DNAs were extracted as reported previously (6) by centrifuging an overnight culture, lysing cells with 200-µm glass beads in the presence of cetyltrimethylammonium bromide (CTAB)-NaCl in a FastPrep (2 × 30 s) (MP Biomedical, Santa Ana, CA), followed by phenol-chloroform extraction and DNA precipitation with isopropanol. Draft genomes were obtained at the DOE Joint Genome Institute by constructing 300-bp-insert shotgun libraries that were barcoded and sequenced as pools of three libraries on the Illumina MiSeq platform (2 × 150-bp paired ends). All raw sequence data were filtered using BBDuk version 35.83 (7), which eliminates known Illumina artifacts and PhiX. Reads with more than one “N” or with quality scores averaging less than 8 (before trimming) or reads shorter than 51 bp (after trimming) were discarded. The remaining reads were mapped using BBMap version 35.83 (7) to human, cat, and dog references masked using BBMask version 35.83 (7). Assembly was carried out as follows: (i) artifact-filtered Illumina reads were assembled using Velvet (version 1.2.07) (8), (ii) 1 to 3-kbp simulated paired-end reads were created from the Velvet contigs using Wgsim (version 0.3.0) (9), and (iii) Illumina reads were assembled with simulated read pairs using AllPaths-LG (version r46652) (10). Parameters for the assembly steps were (i) Velvet (velveth, 63 –shortPaired; velvetg, –very clean yes –exportFiltered yes –min contig lgth 500 –scaffolding no –cov cutoff 10), (ii) wgsim (–e 0 –1 100 –2 100 –r 0 –R 0 –X 0), and (iii) AllPaths-LG (PrepareAllpathsInputs, PHRED 64 = 0 PLOIDY = 1 FRAG COVERAGE = 125 JUMP COVERAGE = 25 LONG JUMP COV = 50; RunAllpathsLG, THREADS = 8 RUN=std shredpairs TARGETS=standard VAPI WARN ONLY=True OVERWRITE=True). Annotation was performed using the DOE-JGI annotation pipeline version 4.10.5 (11), BGCs were identified using antiSMASH version 2.0.2 (12) and the IMG-ABC database (13), using default settings in both cases, and taxonomic identities were assigned based on 16S rRNA gene analysis.
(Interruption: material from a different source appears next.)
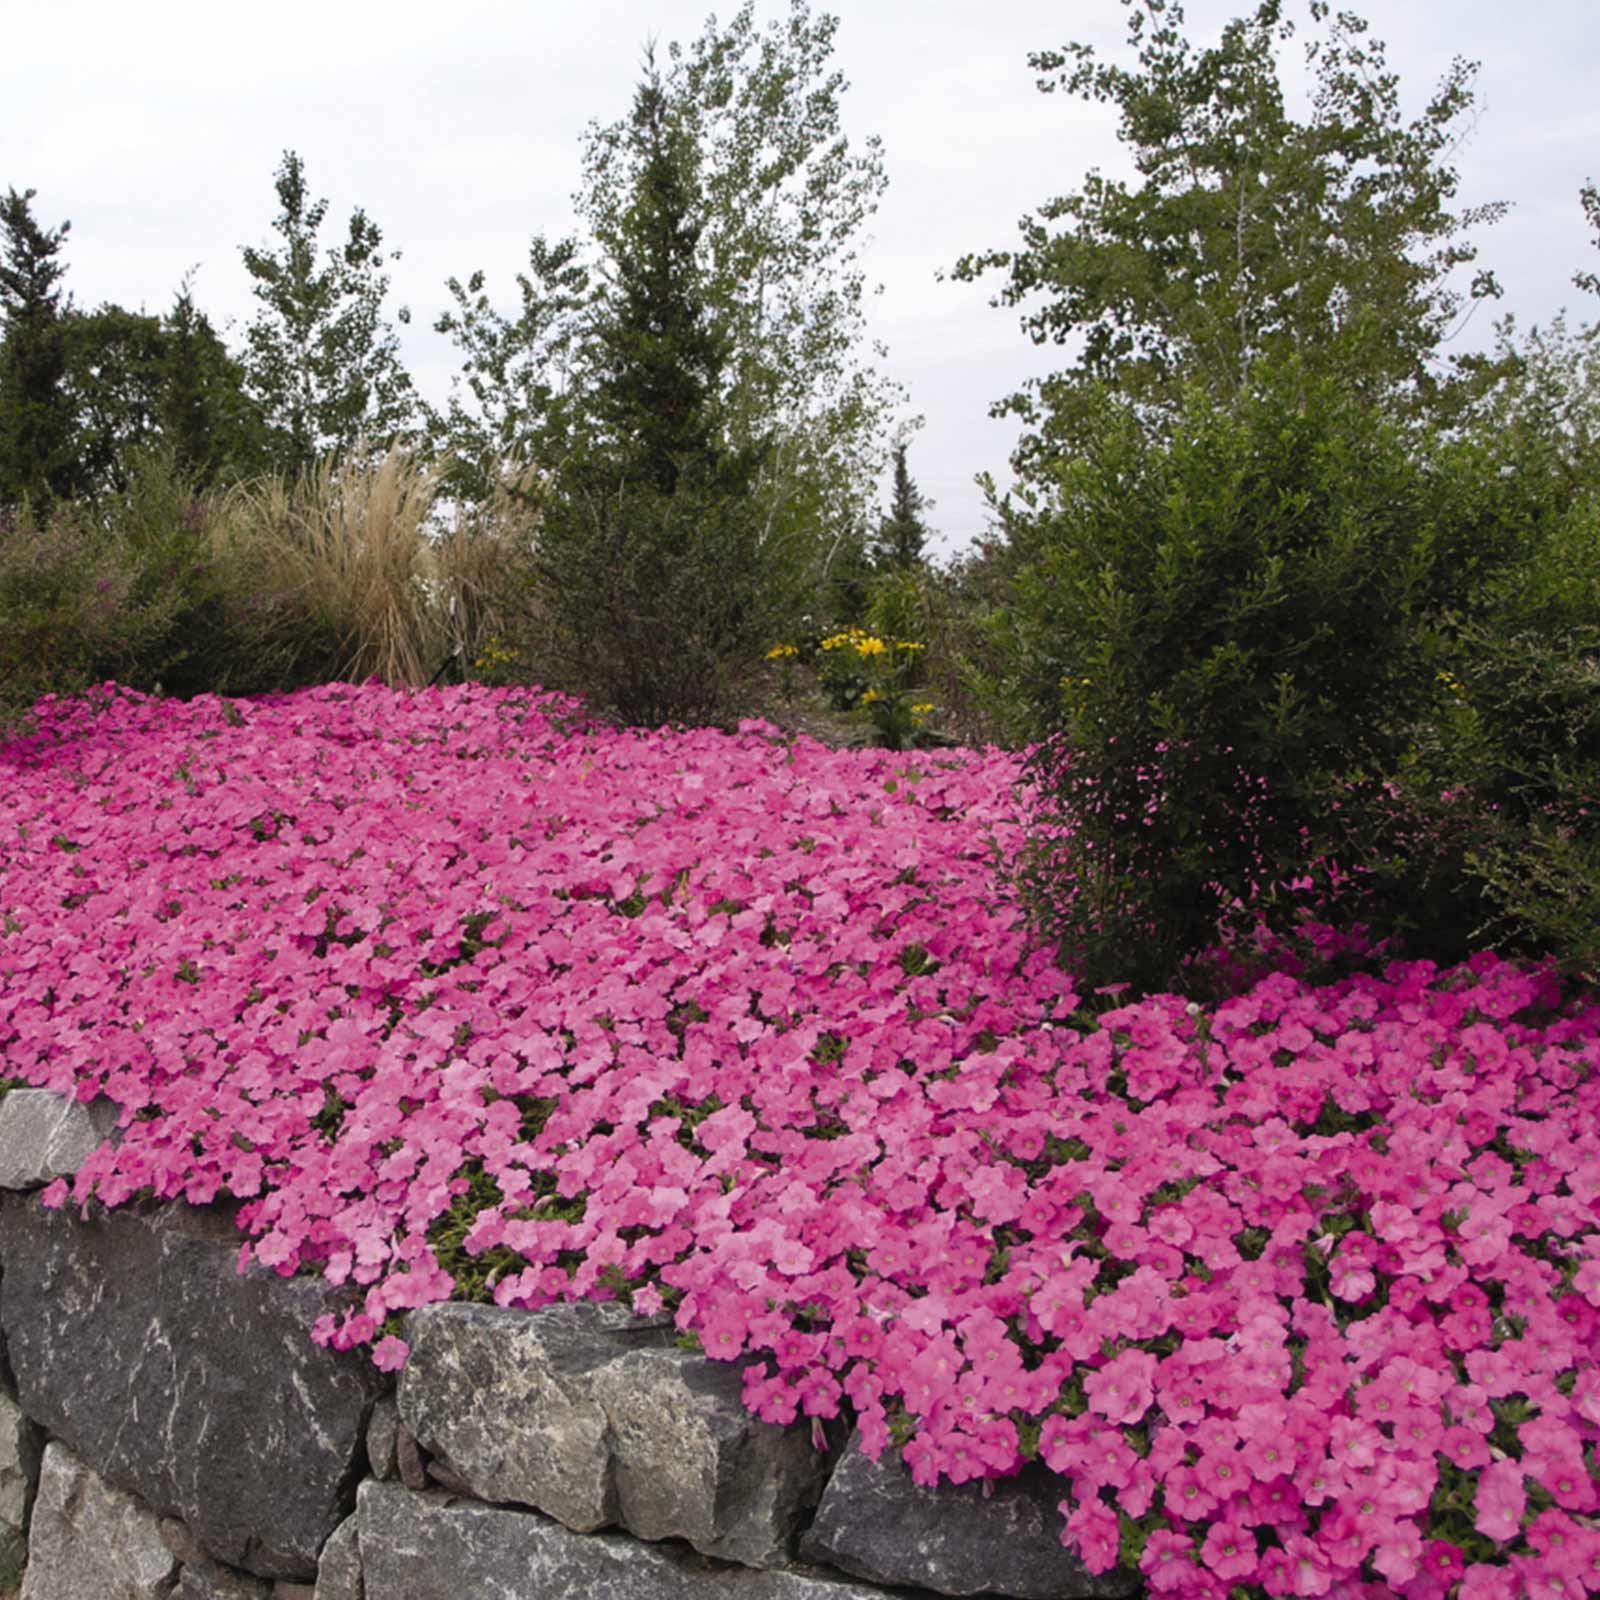 Petunia - Wave Series Flower Garden Seed - 100 Pelleted Seeds - Lavendar Blooms - Annual Flowers - Wave Petunia Seeds - Spreading Petunias

The number of reads per genome ranged between 9,842,212 and 12,394,618. The N50 values ranged from 180,192 to 623,933 bp (Table 1). All genomes had a high GC content (67 to 71%) but differed in size, with the soil Streptomyces strains having genomes more than twice the size of those of the three halotolerant strains. The number of genes varied from 3,045 in Nesterenkonia sandarakina to 7,660 for Streptomyces sp. strain CG 926. The three Streptomyces genomes also had more BGCs (Table 1) predicted to encode various specialized metabolites. The differences in genome length and coding features for the two Isoptericola strains and three Streptomyces strains also indicate distinct metabolic potential in isolates of the same genus.

Data availability.

These draft genome sequences have been deposited in GenBank under the accession numbers QLTM00000000, OAOR00000000, QGGZ00000000, PVTW00000000, PVTX00000000, and PVTY00000000. The data are available in the NCBI Sequence Read Archive under accession numbers SRX2947591, SRX3047884, SRX3047887, SRX2947595, SRX2947597, and SRX2947593.